IT was alleged that media mogul Samuel Goldwyn was the author of: “a verbal agreement isn’t worth the paper it’s written on!”. OK Sam, we sort of know what you meant!

You might equally say ­something very similar about Boris Johnson’s ­government, now something of a byword for casual duplicity.

As we learned from Mike Russell’s ­National Roadshow remarks, team Johnson was busy insisting that post-Brexit ­Britain would absolutely, definitely be hanging on to the exceptional Erasmus student ­exchange programme, even as its emissary, David Frost, was busily negotiating its ­demise. (Just like we were going to stay in the single market until, oops, we weren’t.)

This small but important Erasmus ­tragedy is emblematic of a UK Government which has perfected the dark art of saying something in public which turns out to be the polar opposite of what they’re up to in private. I give you the endless po-faced pronouncements that the UK Government would like nothing better than to cosy up to the devolved administrations if only the latter would engage.

And their small and imperfectly formed wee Tory echo chamber in Scotland ­forever rabbiting on about the need to move in lockstep, take a four-nations approach et bloody cetera. You’d have to laugh if you could find a gap in your frustrated weeping.

The fact is that the C-in-C of the ­Unionist cause, the unlovely Michael Gove, has ucceeded in closing off just about every available avenue of possible communication. As Russell observed in the same Q&A, the journey from May to Johnson has been one from incompetence to intransigence.

The National: Life carries on as normal for Michael Gove

Not that the pre existing channels were much to write home about, since the PM couldn’t bestir himself to attend any joint ministerial meetings, whilst every ­suggestion by the Scottish Government for a four nations meeting on the crisis of the moment is ignored from a very great height.

Peeps, they do not want to engage.
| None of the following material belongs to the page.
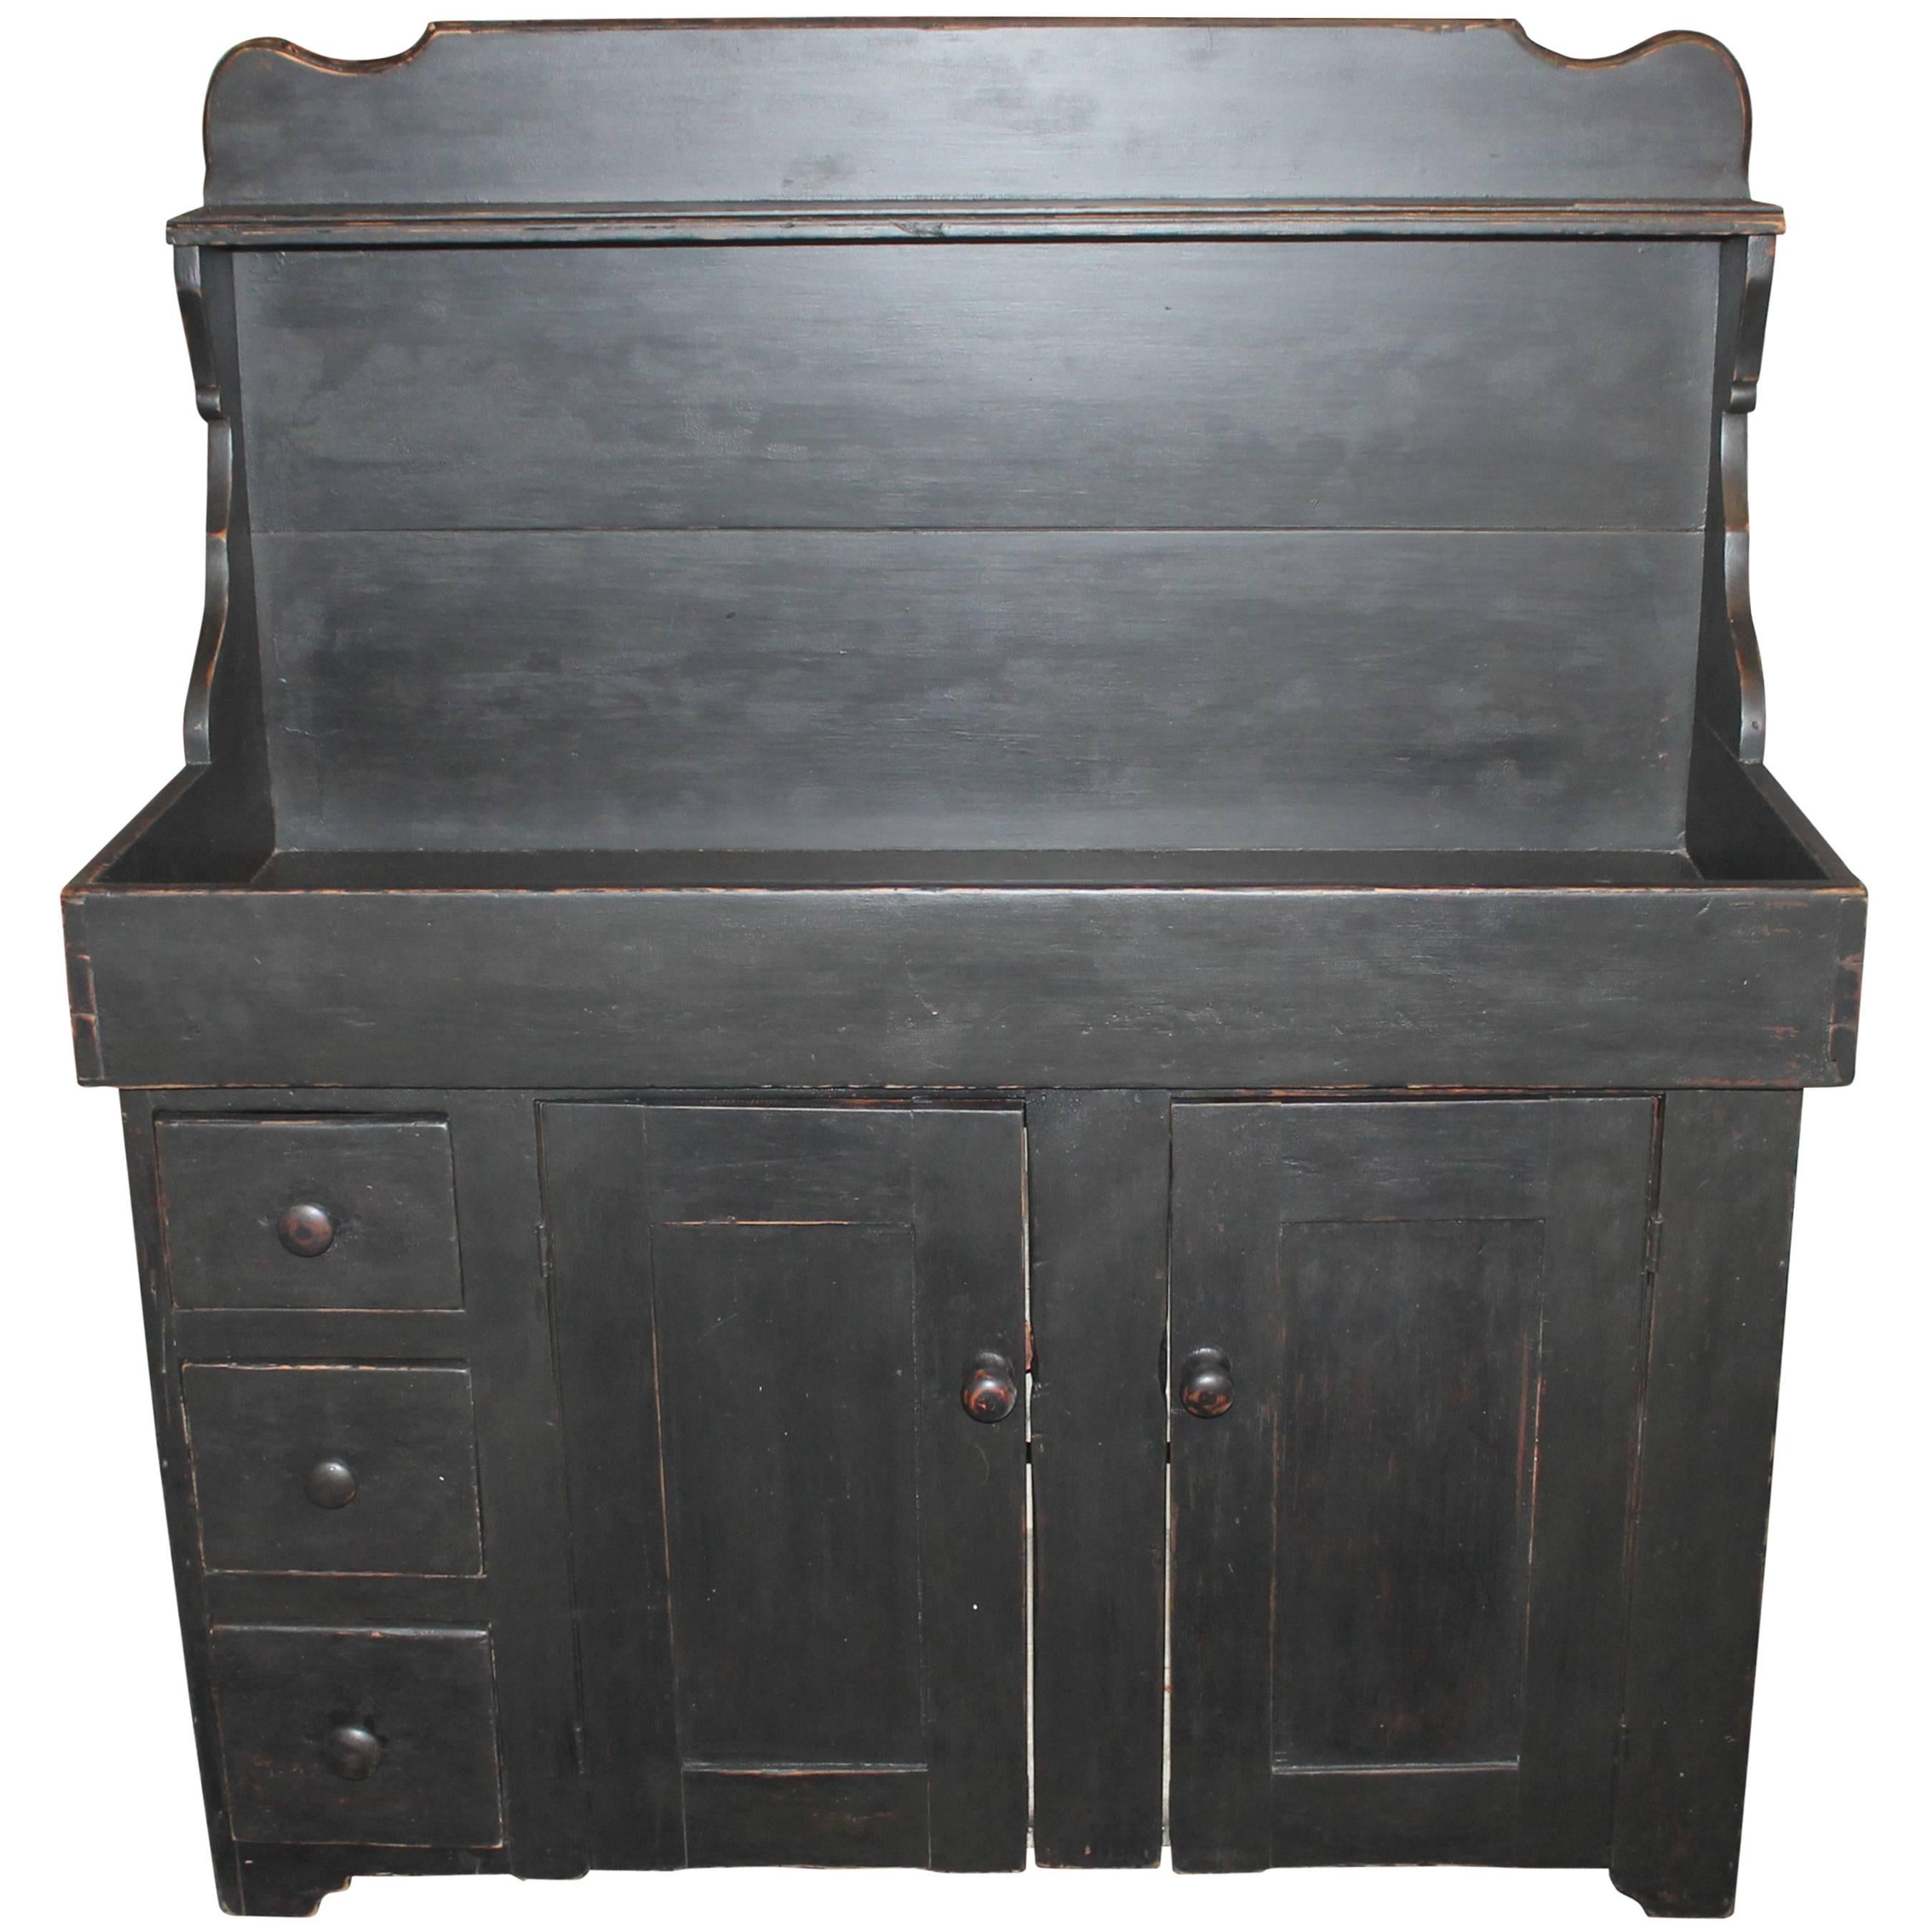 19th Century Lancaster County, Pennsylvania Black Painted High Back Dry Sink
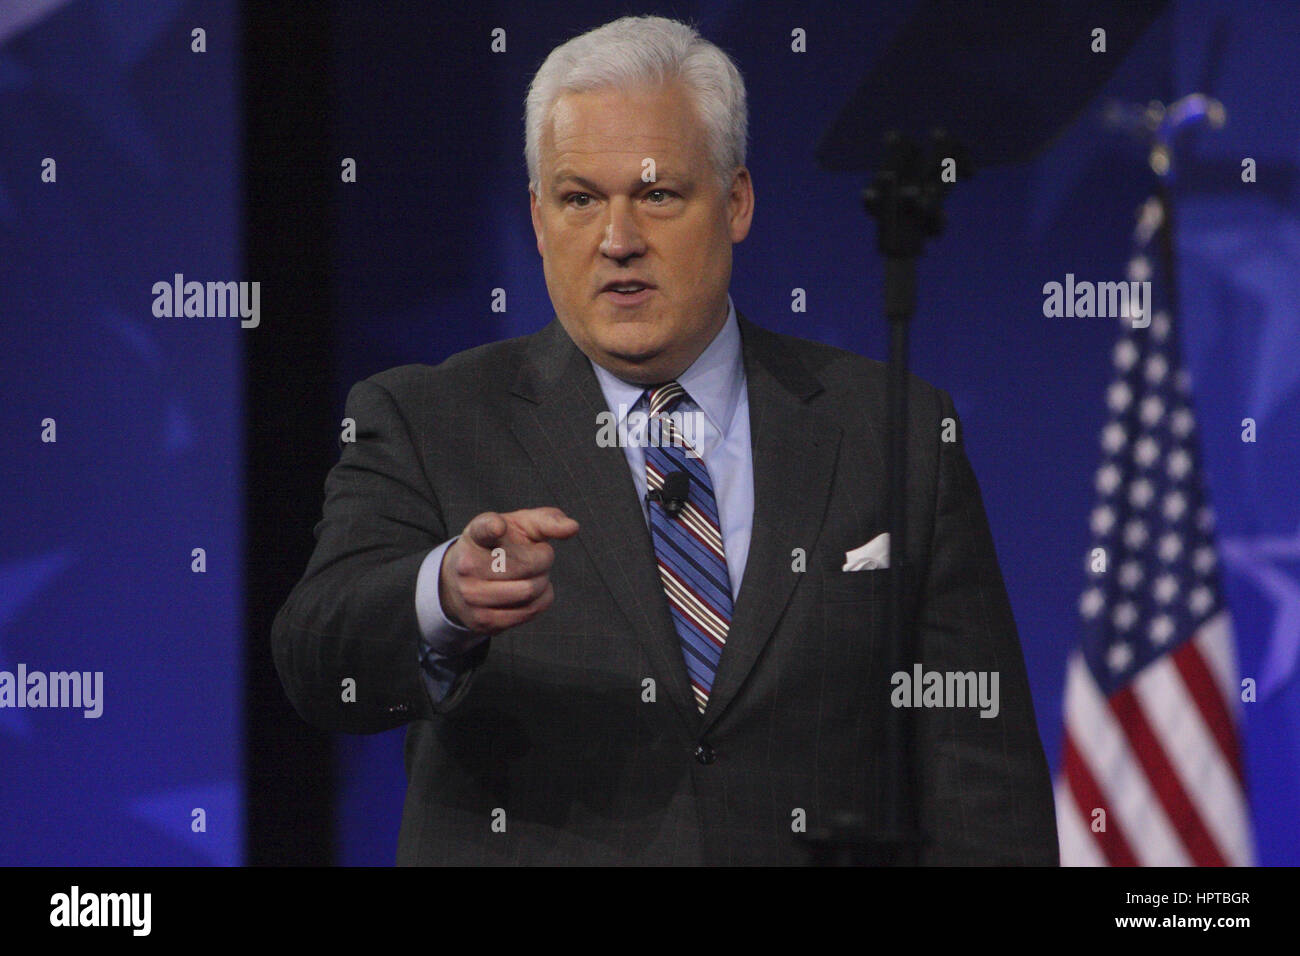 National Harbor, MARYLAND, USA. 24th Feb, 2017. Matt Schlapp, chairman of the American Conservative Union, speaking on the third day of the 2017 Conservative Political Action Conference just before introducing President Trump. Credit: Evan Golub/ZUMA Wire/Alamy Live News Stock Photo

They do not want to talk. They especially do not want to negotiate. They want to put us back in our box, preferably with a padlock ­attached.

Herein lies the ongoing paradox of the Scottish Government and the referendum debate. We have to accept that the status quo imposes many limitations on their ­freedom of movement. Not just in the well rehearsed areas of borrowing powers, ­inward migration policy and so much else.

But because the fiscal settlement means Scotland getting given a set amount of pocket money determined and adjusted by Westminster, it is forever the ­supplicant to successive chancellors whom it ­always has to ask nicely for essential policies changes, most recently in respect of ­furlough datelines and proposed cuts to the uprated universal credit.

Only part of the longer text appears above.